Странно, что теперь, лежа в палате американского госпиталя, Казаркин вспоминал все так, как будто это все было самым прочным счастьем, и хотелось ему как можно скорее вылечиться и к счастью этому вернуться вновь.
Ощущение гармонии вдруг стало исчезать. Потом в дверях палаты появился Повар, он улыбался, надвигаясь на Казаркина, как новая луна его новой, нереальной, американской жизни. Повар положил на красивый стол возле кровати какой-то большой пакет и сказал, что принес "подарки", и последнее, что понял Казаркин перед тем, как его мозг растворился в красном тумане, что русский этот Повар забыл точное слово для своего пакета. Он забыл слово "гостинцы".
На красноватом песке пустыни росли кустики какой-то голой, без листьев, травы. Между кустами замелькал, отгребая лапами песок, по-змеиному виляя хвостом и телом, крупный варан. Серега обогнал его и встал перед ним. В руках у Сереги была гладкая крепкая палка. Варан развернулся и запылил в сторону. Серега опять обогнал его и загородил ему путь. Варан разинул пасть и зашипел. Кривой граненый хвост варана судорожно и сильно ударял по песку, влево, вправо, влево, вправо.

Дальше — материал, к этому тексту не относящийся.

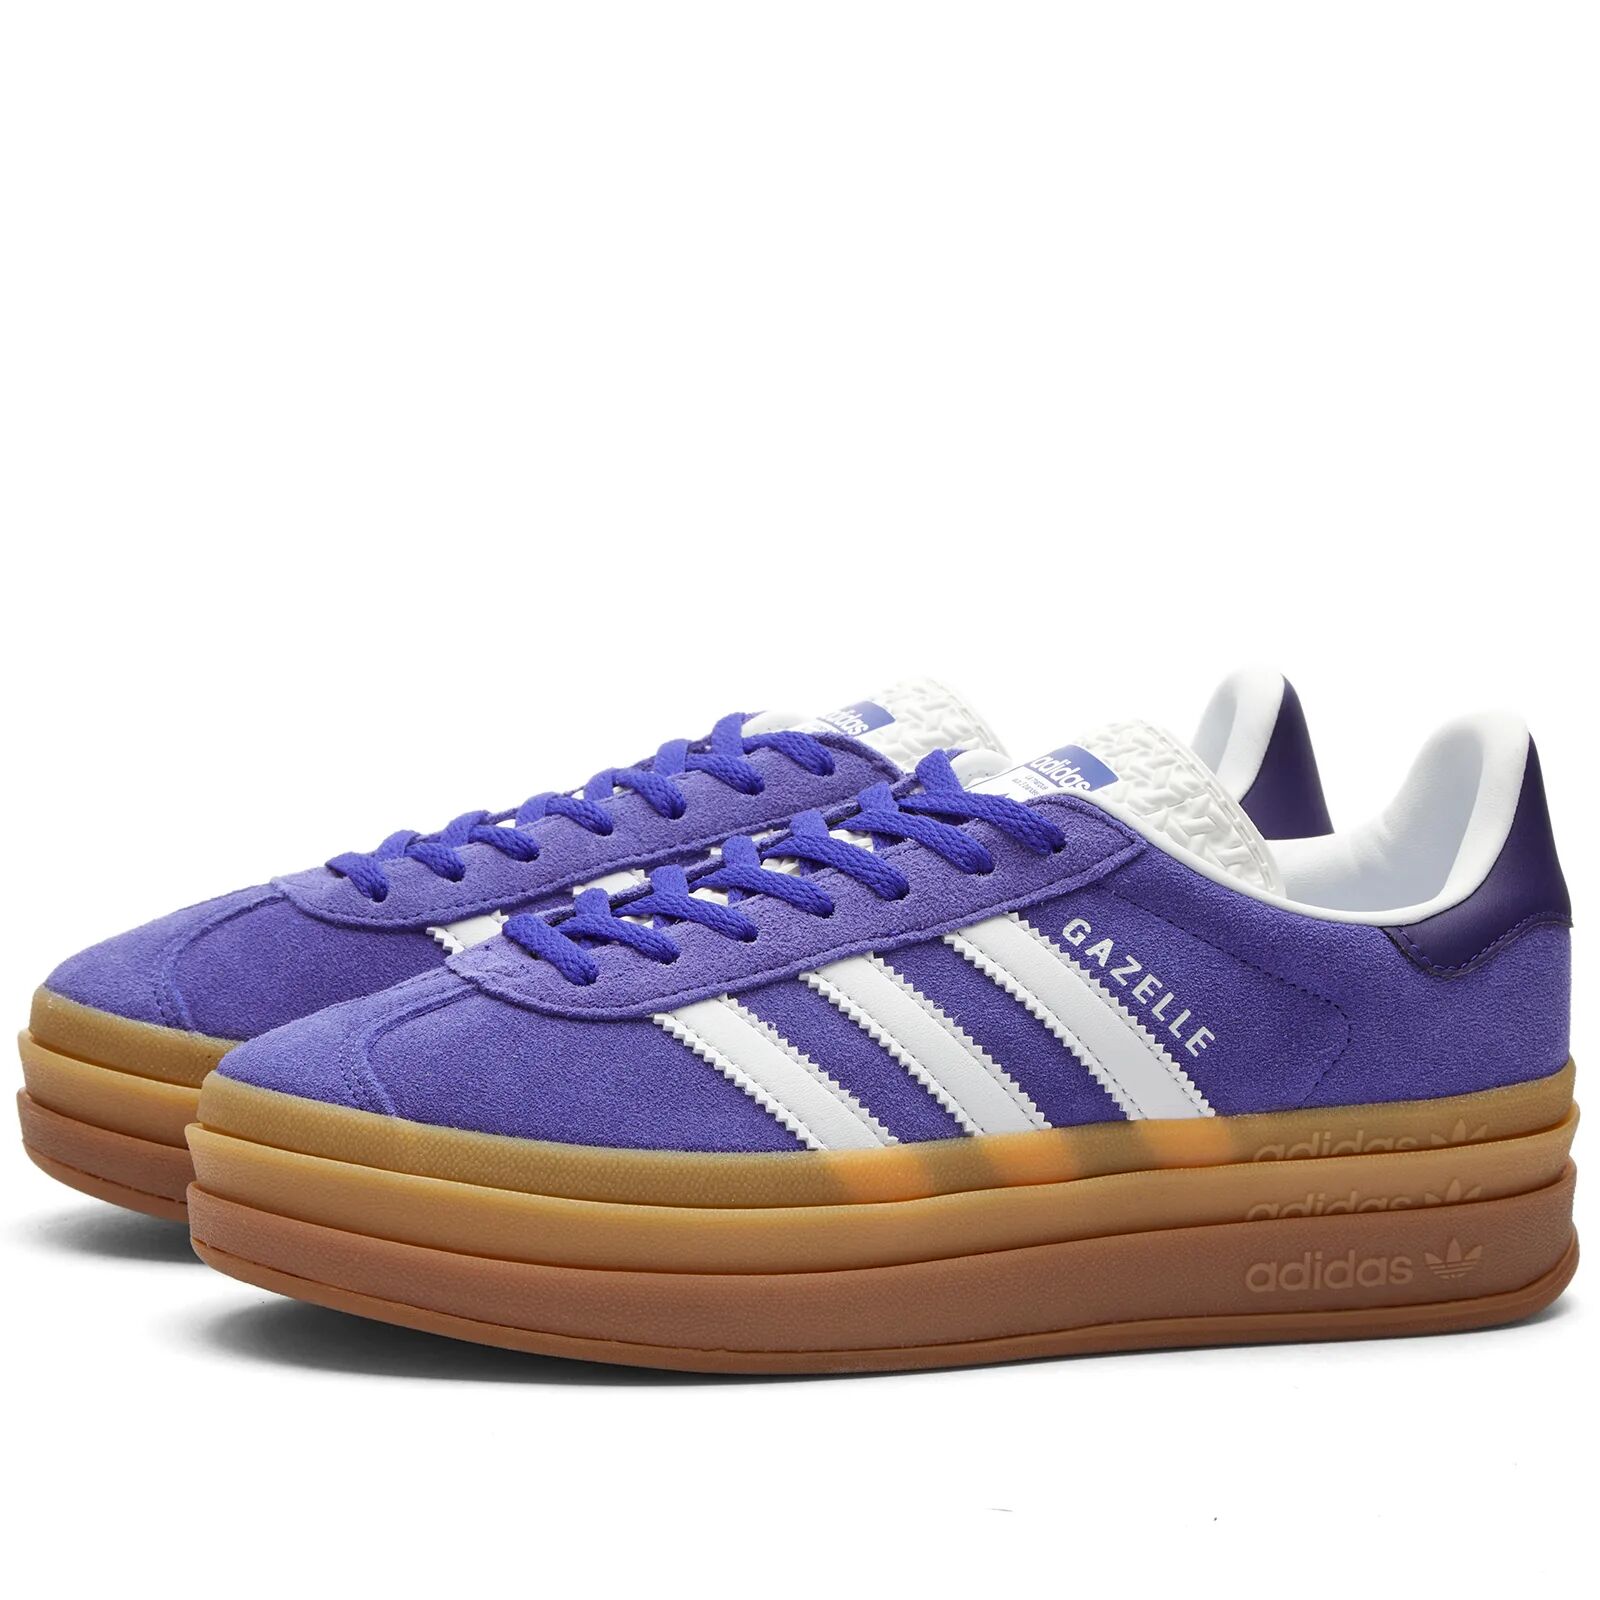 Adidas Women's GAZELLE BOLD W Sneakers in Energy Ink/White/Collegiate Purple, Size UK 7.5

Потом варан замер. Его тусклые глаза смотрели на худого мальчишку в рваных штанах. Серега оробел. Варан кинулся вперед и мелькнул мимо. Серега с испугу подпрыгнул вверх и закричал:
- Мама!
Он бежал по песку к стоявшей невдалеке полуторке.
Женщины грузили на полуторку корявый саксаул. Они остановились и глядели, как бежал Сережка. Он потерял палку и бежал, мелькая штанами, беззащитный. Он подбежал к матери и хотел прижаться к ней, она уже раскрыла руки, только не видно было ее лица, она уже хотела обнять Сережку и спасти, но между ней и Сережкой в красном тумане побежали небольшим табуном верблюды, они бежали, как танцевали какой-то экзотический танец. У них отвисшие губы, дряблые косматые горбы раскачиваются и трясутся, они оседают на своих мозолистых ногах, как на рессорах, и все их мягкое тело при движении ходит ходуном.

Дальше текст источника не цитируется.